Can NOT replicate SQuAD 2.0 results

Question

Can NOT replicate SQuAD 2.0 results

nlpgiant opened this issue 6 years ago · comments

The readme says that the F1 on Squad 2.0 is 72.x using this package; but all I got was 66.x.

Seems from the other open issue, that others have faced a similar problem. Can you update the latest code @namisan @kevinduh @ryu577 ?

Chaitanya · Answer 1 · Thu Oct 25 2018 10:43:37 GMT+0800 (China Standard Time)

@kevinduh,@namisan, @ryu577 : I appreciate your work. I am facing same issue as @nlpgiant. I could not replicate the results in Readme.md in any way. Could you share the hyperparameters and some more information on the training settings

nlpgiant · Answer 2 · Thu Oct 25 2018 21:43:36 GMT+0800 (China Standard Time)

Is anyone listening to us?

Frankie Liuzzi · Answer 3 · Fri Oct 26 2018 03:51:02 GMT+0800 (China Standard Time)

Same. I'm seeing 66.x F1 on dev

Srinivas Ravishankar · Answer 4 · Sun Oct 28 2018 03:44:51 GMT+0800 (China Standard Time)

Also seeing the same results. Tried changing all hidden sizes to 256, and ran for 30 epochs. Max F1 was 67.004

Leo Laugier · Answer 5 · Sun Oct 28 2018 14:27:24 GMT+0800 (China Standard Time)

Hi all,

@kevinduh,@namisan, @ryu577 Thank you for the code!

If it helps, I got EM=67.6 ; F1 =70.6 at epoch 15 for a dropout_p = 0.1 (I got no better scores for 50 epochs).

Xiaodong · Answer 6 · Mon Oct 29 2018 04:28:59 GMT+0800 (China Standard Time)

Sorry for late reply.
I'm pretty busy, and I'm current working on the code refactor and ELMo version (It attains a great improvement and I hope to release it soon).
I am also considering to share the worksheet on codalab, which requires the permission of my boss.

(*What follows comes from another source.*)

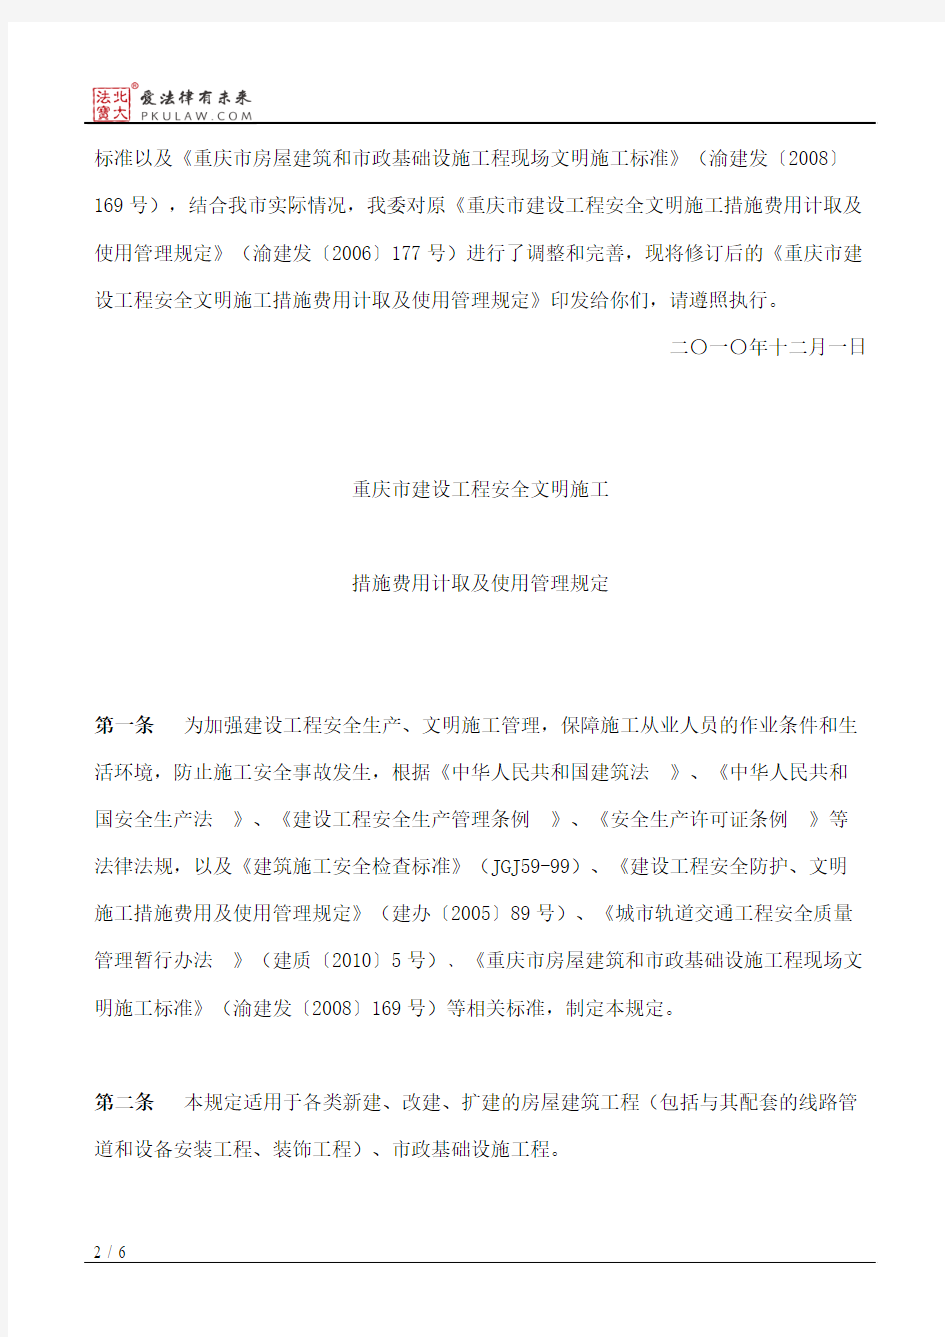 重庆市城乡建设委员会关于印发《重庆市建设工程安全文明施工措施

As I mentioned in the other open issues, a lower dropout_p (0.1), a larger hidden size (256/300) and a larger number of reasoning step (10) lead a much better result.

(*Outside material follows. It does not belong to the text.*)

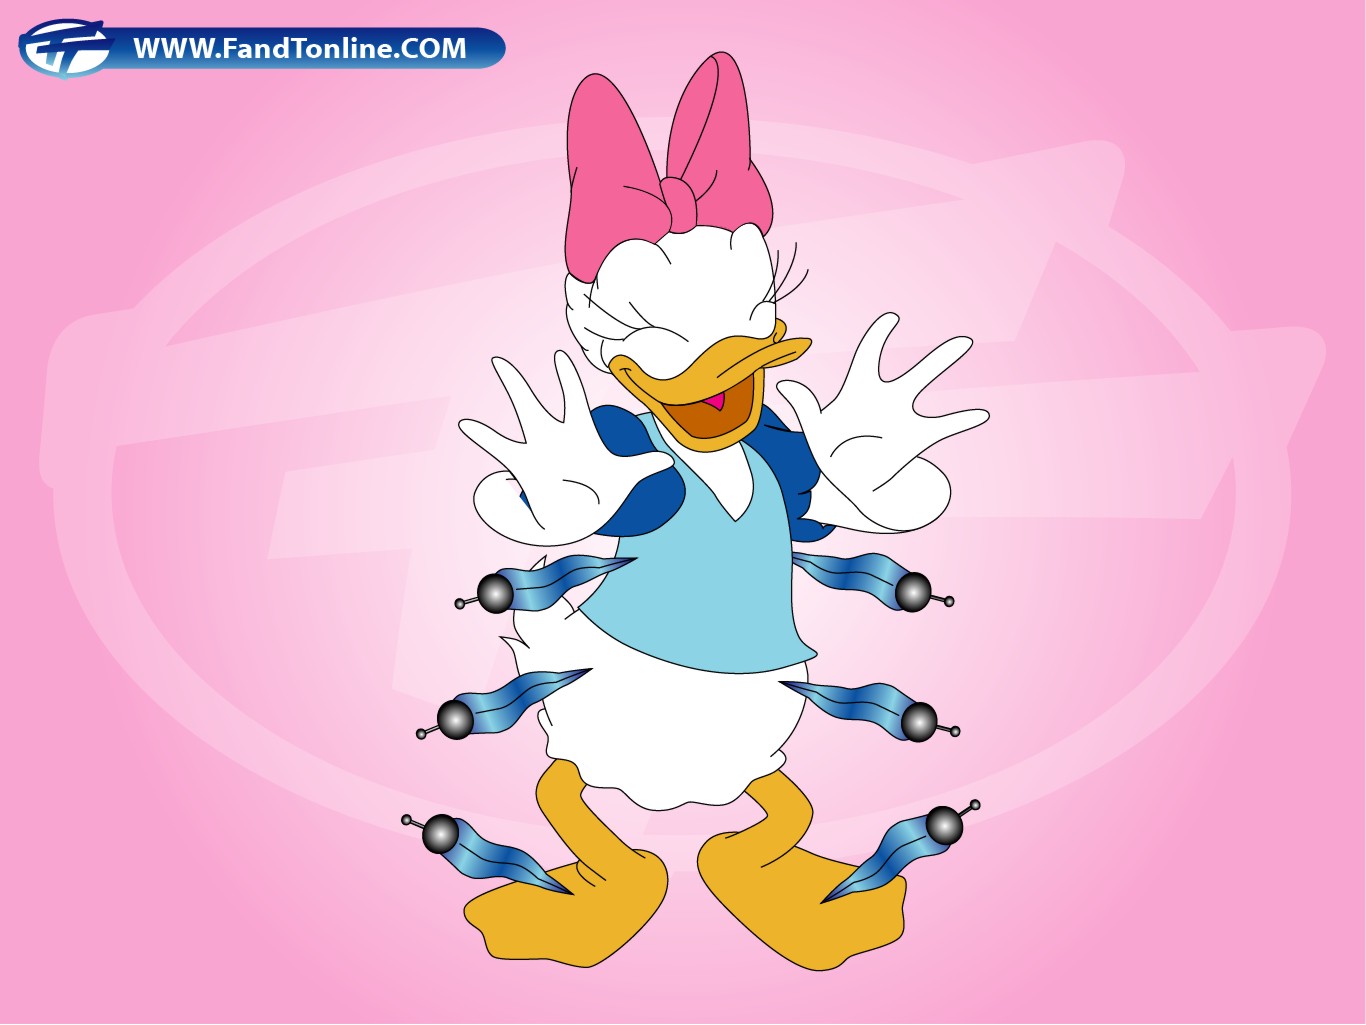 Top Cartoon Wallpaper Donald Daisy Duck

Zhaoyue Cheng · Answer 7 · Mon Oct 29 2018 23:12:38 GMT+0800 (China Standard Time)

Hi, @namisan Thanks a lot for your reply! I tried to factor in ELMo as well, but it seems only helps about 1 point on SQuAD 1, I'm wondering if you include ELMo only in the first layer together with word embedding or you put ELMo in later layers too together with CoVE? Thanks a lot!

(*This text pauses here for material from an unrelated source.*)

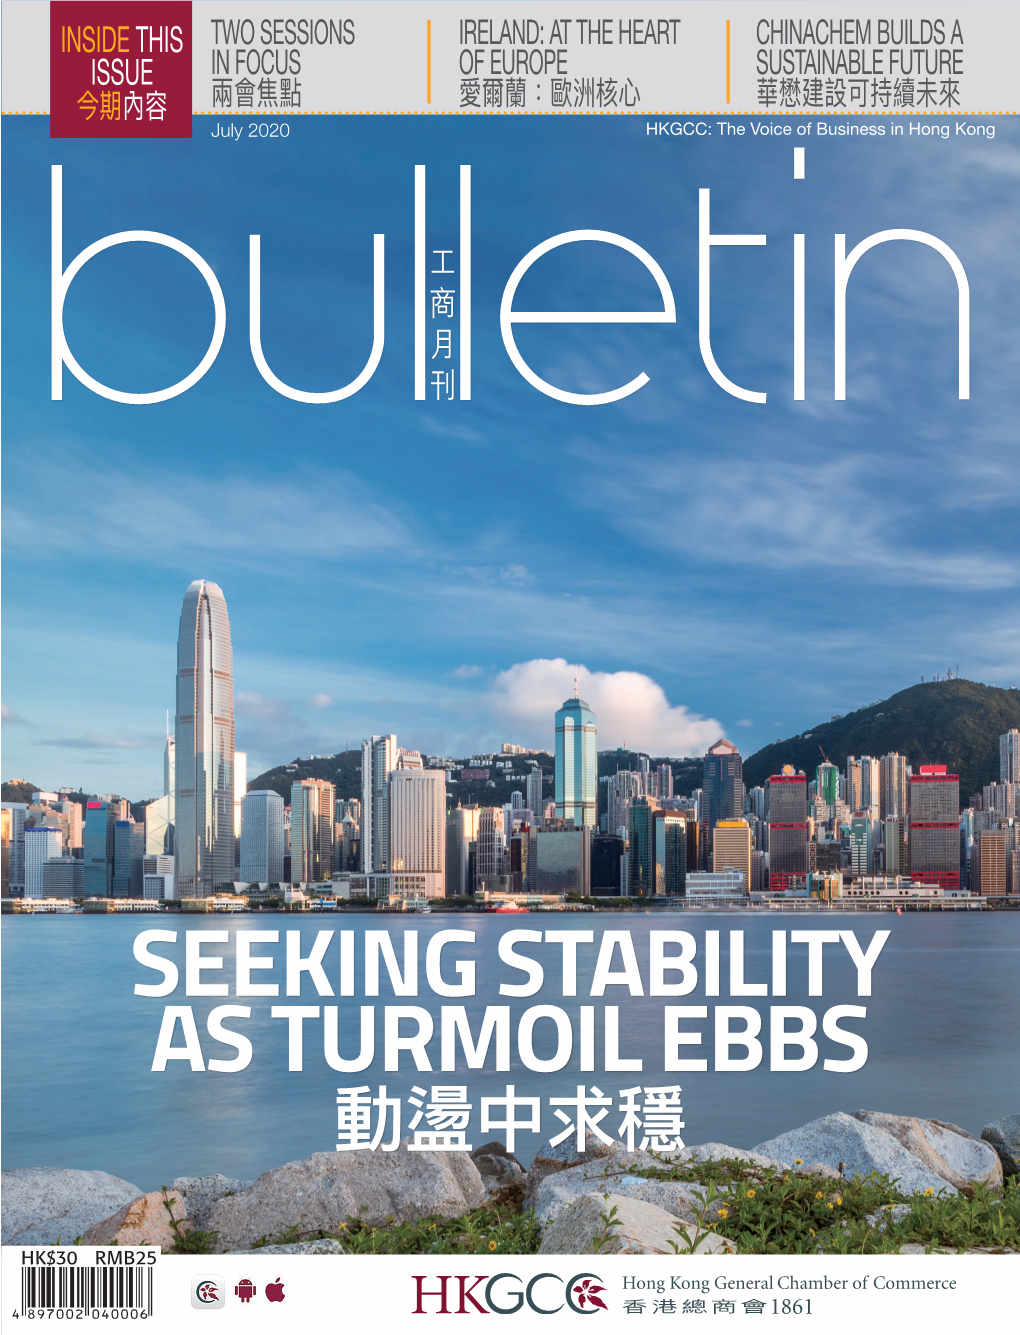 Seeking Stability As Turmoil Ebbs 動盪中求穩 Jul 2020 Jul

nlpgiant · Answer 8 · Mon Oct 29 2018 23:50:08 GMT+0800 (China Standard Time)

Forget ELMo, I'd like to know how to get 72.x from this toolkit as is mentioned in the README.
@namisan which hidden size: decoder_att_hidden_size to 256 and what is the reasoning step: decoder_num_turns to 10 ? Please elaborate.

Xiaodong · Answer 9 · Tue Oct 30 2018 00:22:08 GMT+0800 (China Standard Time)

@ZhaoyueCheng The current result with ELMo is around 87.x in terms of F1 (+2.x). You can refer our recent paper for the details. https://arxiv.org/pdf/1809.06963.pdf

@nlpgiant All the hidden size. Yes it is decoder_num_turn.

Zhaoyue Cheng · Answer 10 · Tue Oct 30 2018 05:30:45 GMT+0800 (China Standard Time)

@namisan Thanks a lot for the reply!

Xiaodong · Answer 11 · Sat Nov 10 2018 03:05:04 GMT+0800 (China Standard Time)

I released the worksheets of official submissions. I close this.